Role of Chemical Dynamics Simulations in Mass Spectrometry Studies of Collision-Induced Dissociation and Collisions of Biological Ions with Organic Surfaces

In this article, a perspective is given of chemical dynamics simulations of collisions of biological ions with surfaces and of collision-induced dissociation (CID) of ions. The simulations provide an atomic-level understanding of the collisions and, overall, are in quite good agreement with experiment. An integral component of ion/surface collisions is energy transfer to the internal degrees of freedom of both the ion and the surface. The simulations reveal how this energy transfer depends on the collision energy, incident angle, biological ion, and surface.

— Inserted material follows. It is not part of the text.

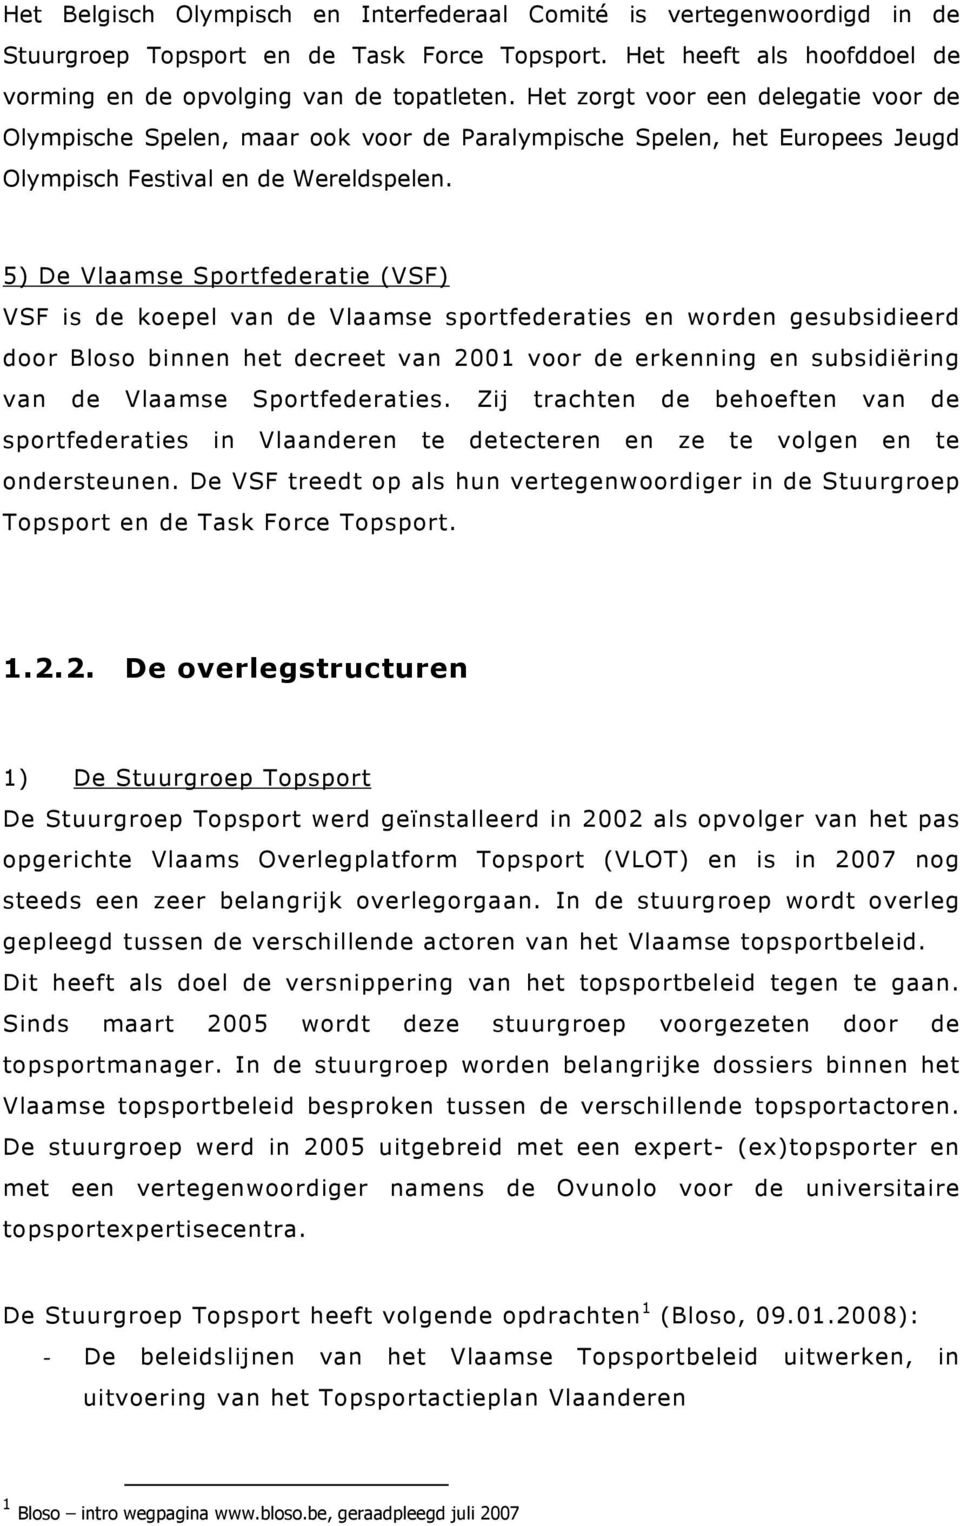 5) De Vlaamse Sportfederatie (VSF) VSF is de koepel van de Vlaamse sportfederaties en worden gesubsidieerd door Bloso binnen het decreet van 2001 voor de erkenning en subsidiëring van de Vlaamse

With energy transfer to the ion's vibration fragmentation may occur, i.e. surface-induced dissociation (SID), and the simulations discovered a new fragmentation mechanism, called shattering, for which the ion fragments as it collides with the surface. The simulations also provide insight into the atomistic dynamics of soft-landing and reactive-landing of ions on surfaces. The CID simulations compared activation by multiple "soft" collisions, resulting in random excitation, versus high energy single collisions and nonrandom excitation. These two activation methods may result in different fragment ions. Simulations provide fragmentation products in agreement with experiments and, hence, can provide additional information regarding the reaction mechanisms taking place in experiment. Such studies paved the way on using simulations as an independent and predictive tool in increasing fundamental understanding of CID and related processes.